The insistent push for a “relatively high minimum wage, and considerable legal protection from dismissal” is at the core of creating South Africa’s employment woes.
No wage better than low wage?
Effectively, government policy argues that no wage is better than a low wage. South Africa's labour market policy has prevented the creation of the kinds of jobs that are the first point of entry for unskilled workers into modernising economies, whether in Europe, the United States or the industrialising countries of Asia.
Experts have projected that unemployment will continue to worsen until 2020 due to the failure of economic growth to keep up with population growth.
There are 37.8-million working-age adults in South Africa today. Of these, 11.9-million people (mostly students and school pupils) are not economically active. Of the remaining 25.9-million, 9.6-million (37%) cannot find work. That's almost two adults in every five. It has become very obvious that unless government relaxes labour relations laws to better support businesses, we will continue to face high levels of unemployment.
Inefficient hiring and firing
The most recent Global Competitiveness Report shows that the country’s labour market is hobbled by inefficient hiring and firing practices, little cooperation between employers and employees, as well as a poor relationship between pay and productivity. This often tempts employers to replace labour (particularly those less skilled and experienced) with capital and discourages them from hiring new workers, especially the youth, who are always the most vulnerable.

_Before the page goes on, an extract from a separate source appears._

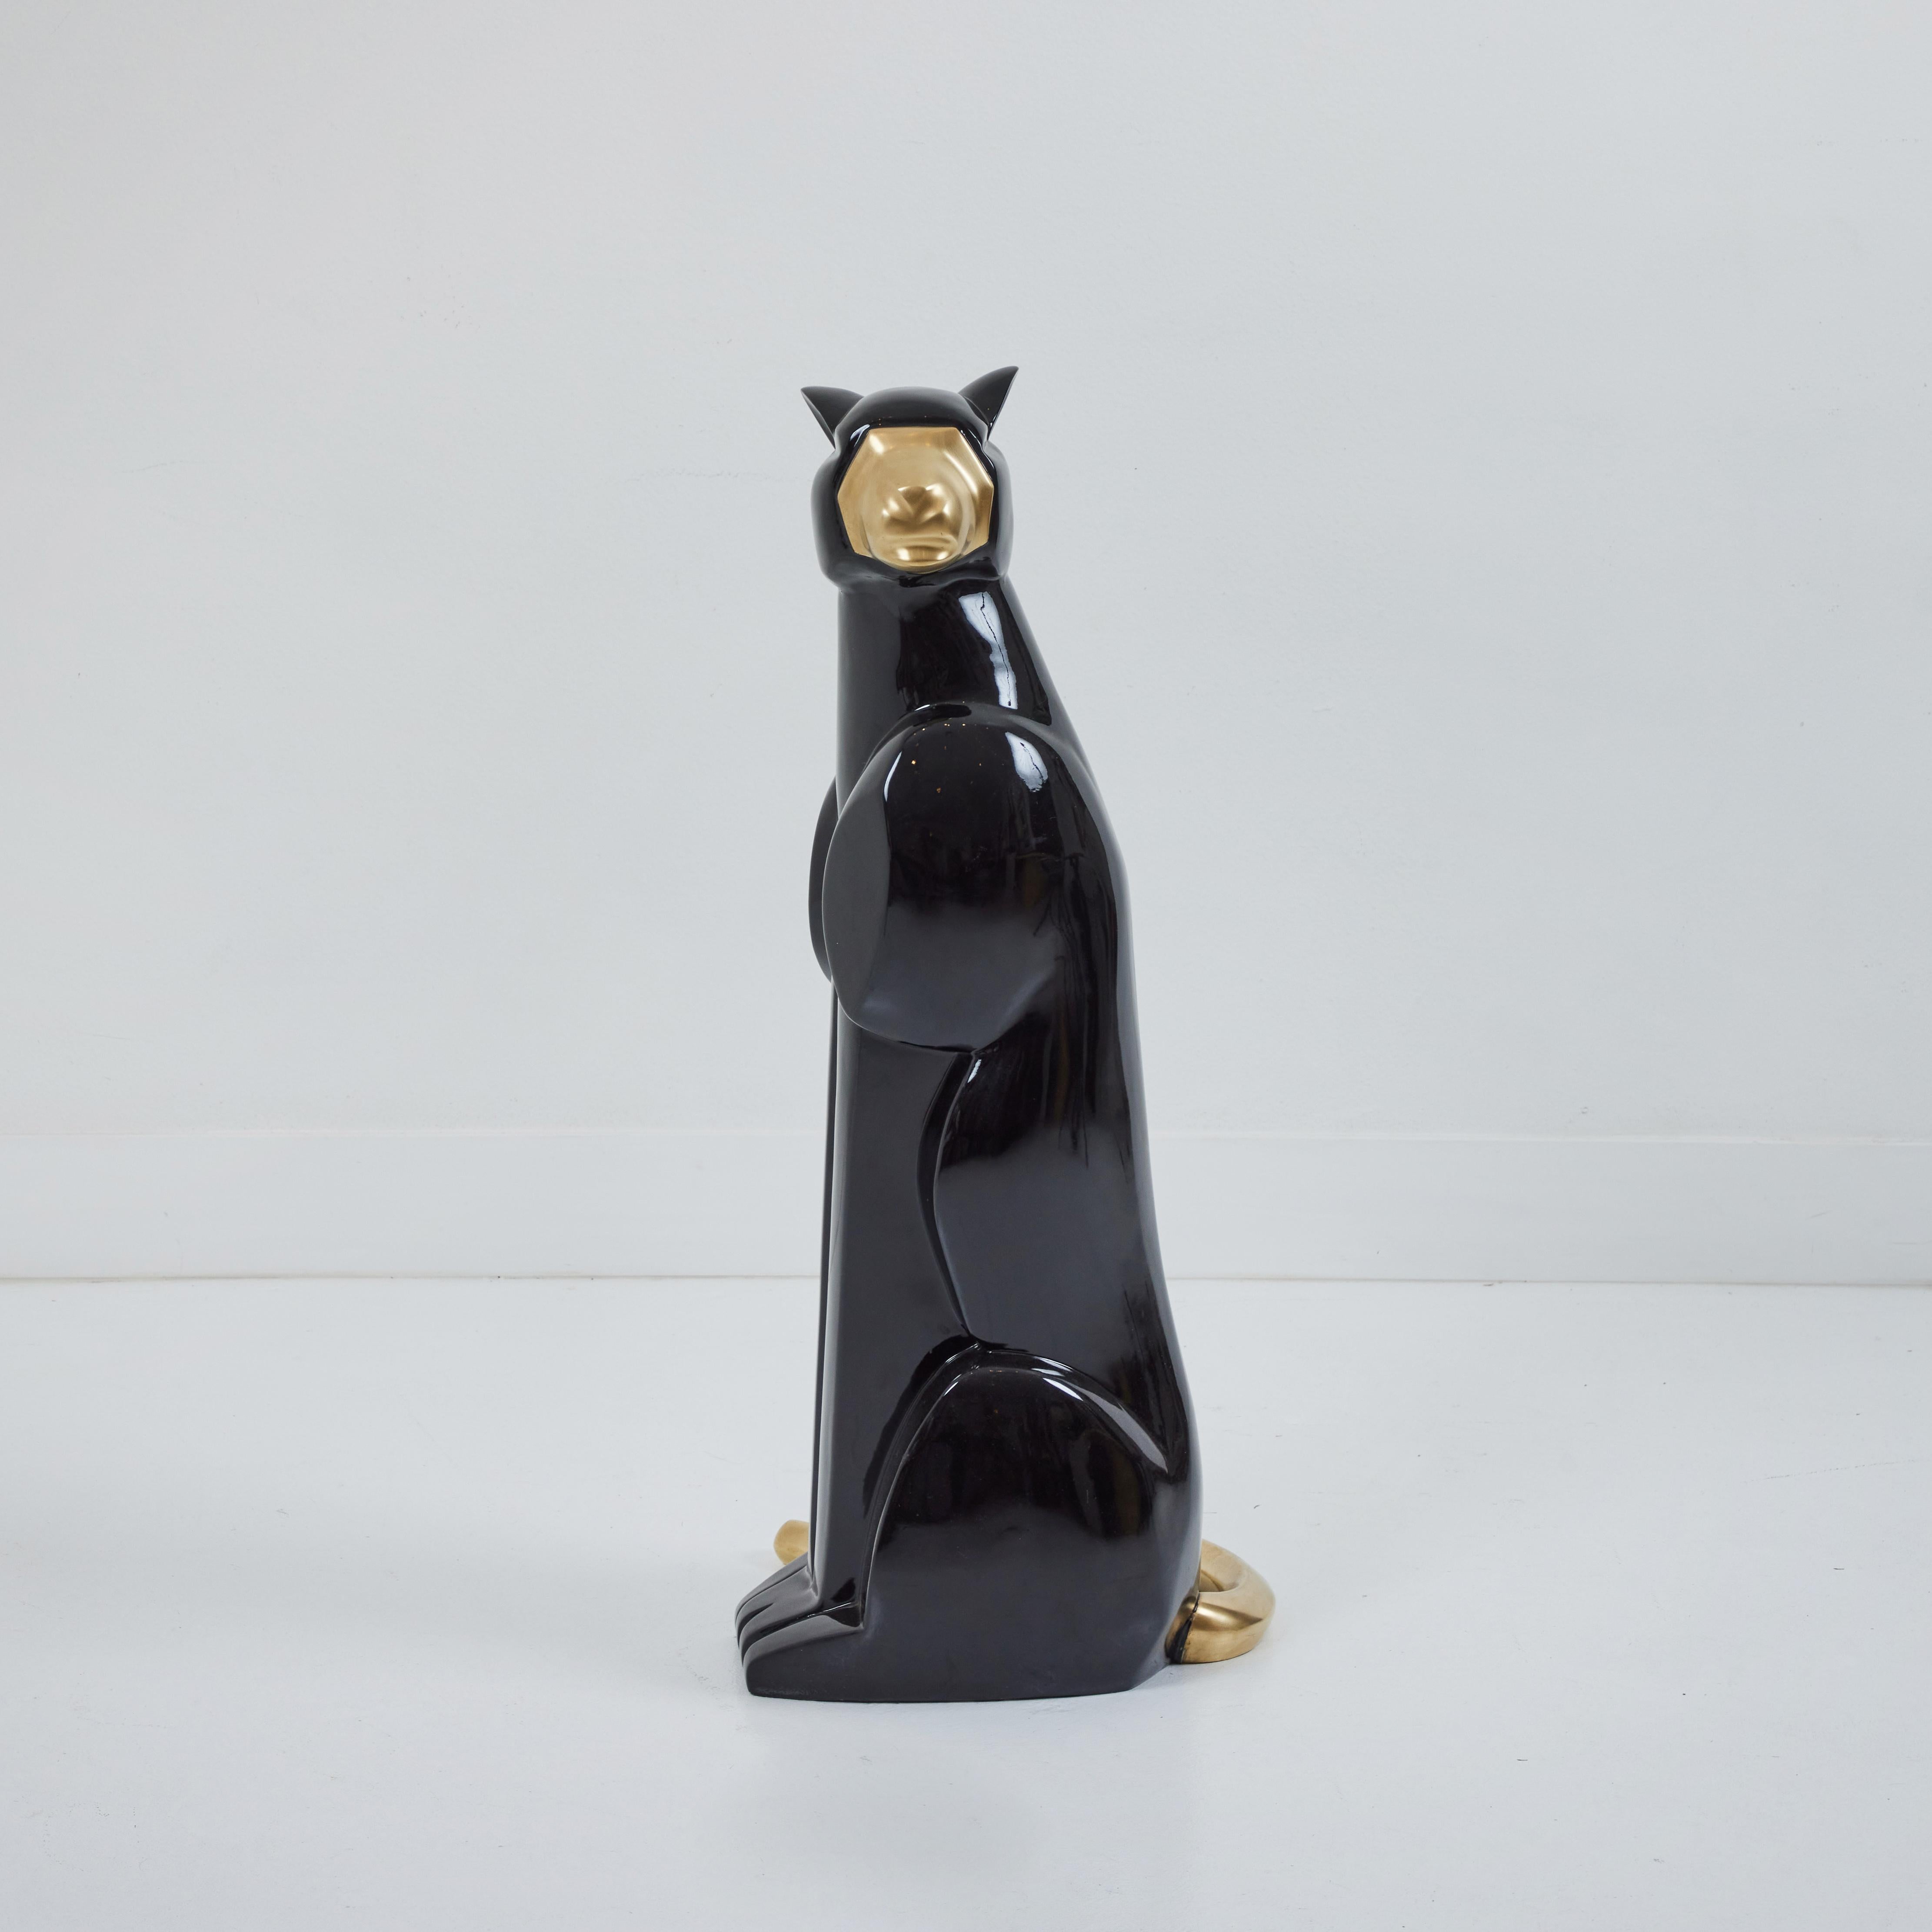 This is a sleek art deco styled black panther with brass details. The panther is in a seated position with its face turned to the left. Cast in fiberglass and lacquered black, this sculpture will definitely draw attention. The skill of the sculptor

We all need to recognise that commercially viable companies are by far the most effective, sustainable and economically efficient job creators, and we should do everything in our power to help remove constraints on companies. The most critical of these are the rules that raise the costs of employment and those that make employers reluctant to employ more unskilled and inexperienced young people.
I have doubts that entrepreneurship will work either, unless supported by solid initiatives. Creating an environment in which companies are able and encouraged to create large numbers of low-skill jobs is the single most important step South Africa could take to make its growth path more inclusive. Unless core policies are revisited soon, yet another generation will grow up in a world of mass unemployment and hopelessness.